DeRose, Steven J. 1990.
Stochastic Methods for Resolution of Grammatical Category Ambiguity in Inflected and Uninflected Languages.
Ph.D. Dissertation. Providence, RI: Brown University Department of Cognitive and Linguistic Sciences.
Footnotes are here numbered by the original page on which they began, a dot, and then the original footnote number. There are links to the footnotes from their original origin points in the text.
2.1Bradley (1983, p. 2) asserts that
most of the vocabulary (of English) is ambiguous as to grammatical category. Indeed, any word form can conceivably be used as a proper noun, in which case all words are categorially ambiguous.
8.1This use of the term
neologism is specialized: it refers to any word encountered in text which is to be tagged, but which is not included in the computer’s dictionary.
8.2These approximately correspond to the Brown Corpus tags NN, VB, JJ, RB, PP (and several sub-tags), CS and CC, UH, and IN, respectively.
11.1There are some instances, for example kako:n, which can be either a genitive plural noun (any gender, meaning ‘bad’), or an adverb (meaning ‘badly’).
11.2Smyth is in fact a grammar of Classical Greek; the forms shown do not differ from those of Koiné, except that the vocative was moribund in New Testament times.
19.1Oostdijk (1988) discusses some ways in which corpus linguistics can also contribute to the study of language and sub-language variation.
23.1The frequencies of forms of the verb time are: time/VB - 1; times/VBZ - 1; timed/VBD - 2; timed/VBN - 7; and timing/VBG - 5.
24.1As I discuss later, these dictionaries omit some forms, such as numbers.
30.1These terms were suggested by my colleague John Thomson.
34.1Thomason (1965, pp. 137-139) describes a
stochastic automaton which probabilistically accepts input strings; that is, any particular string is only accepted some percentage of the times that it is presented. Thomason suggests uses in
stochastic classification experiments, where recognizers may be compared on the basis of their long-run effectiveness. These automata, however, are not useful for my purposes, because one must recognize each sentence every time it is presented.
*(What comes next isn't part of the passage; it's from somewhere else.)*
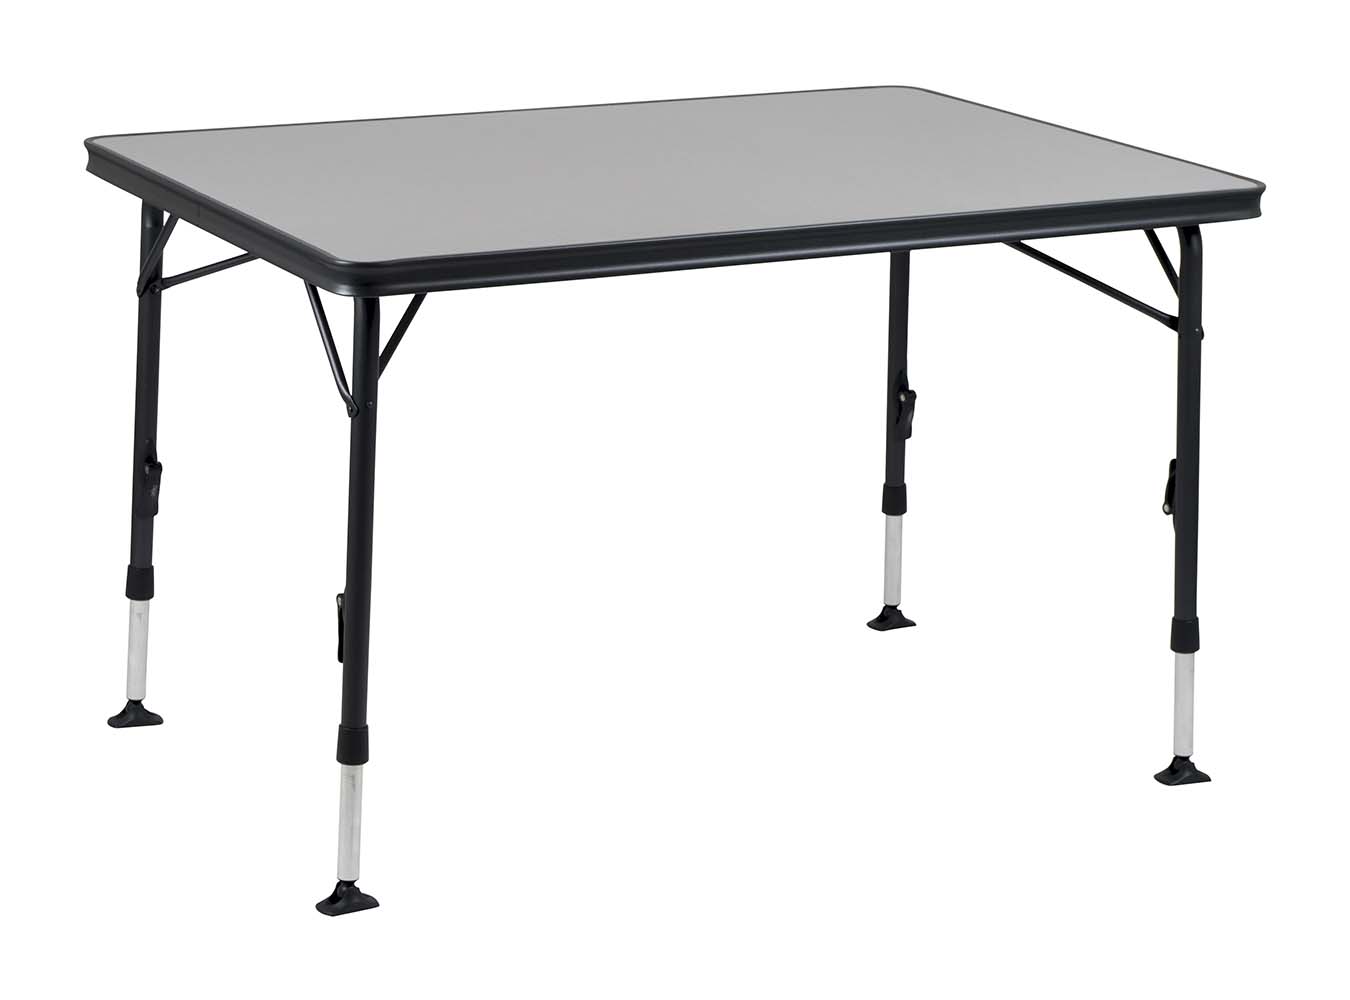 1151400 Ein sehr stabiler Tisch dank hoher Qualität. Durch seine einzigartige Konstruktion ist dieser Tisch einfach auf- und zuzuklappen. Die Beine sind nach dem Einklappen sicher in den Aluminiumschienen an der Unterseite der Tischplatte zu befestigen, die wiederum für eine zusätzliche Verstärkung sorgen.  Die große Tischplatte kann 4-6 Personen beherbergen. Dank hochwertiger Materialien und der hitzebeständigen und wasserfesten Tischplatte, wird eine lange Lebensdauer gewährleistet. Die Beine sorgen für hohe Stabilität durch die dicken und extra verstärkten Rohre.  Die Stabilisierungsfüße sorgen für zusätzlichen Halt auf jeder Oberfläche. Dieser Tisch ist durch den Alu-Rahmen leichtgewichtig und leicht zu transportieren.

36.1With natural language it is advisable to raise all probabilities to values above 0, to allow effective processing in cases of novel or erroneous constructions, or cases not discovered during normalization.
38.1The numbering of orders follows Shannon (1951, p. 51) and Kučera (1975, p. 128). Miller and Chomsky (1963, pp. 427-429) refer to
k-limited Markov sources; their
k corresponds to a k+1 order approximation, as they point out (p. 428). Abramson (1963, pp. 22-26) does not consider the zero order case properly a
Markov model, but notes that Markov models simplify to it as expected.
39.1If the sentence boundary is not considered a symbol in its own right, an additional start state is needed. On the other hand, many of the internal arcs may have probability zero (more so at progressively higher orders), and may be omitted.
42.1Other units may be defined in terms of logarithms to other bases. Abramson (1963, p. 12) mentions
nats, which are base e, and
Hartleys, which are base 10. Respectively, these units approximately equal 1.44 and 3.32 bits.
46.1These degrees of ambiguity are based on Francis and Kučera (1983), except that
waters is not attested as a verb, though other inflected forms of the same lemma are.
46.2Technically, a span network is a tree. Cf Liu (1977), pp. 82-161 for discussion of fundamental graph theory.
51.1Previous writers have seldom addressed the problem of evaluating accuracy when the text being tagged algorithmically has not also been tagged via a consensus of human linguistic intuition. Presumably, accuracy figures in (e.g.) Klein and Simmons (1963), Booth (1985), and Church (1988) are based upon human spot-checking, and thus depend upon the thoroughness and accuracy of the checks.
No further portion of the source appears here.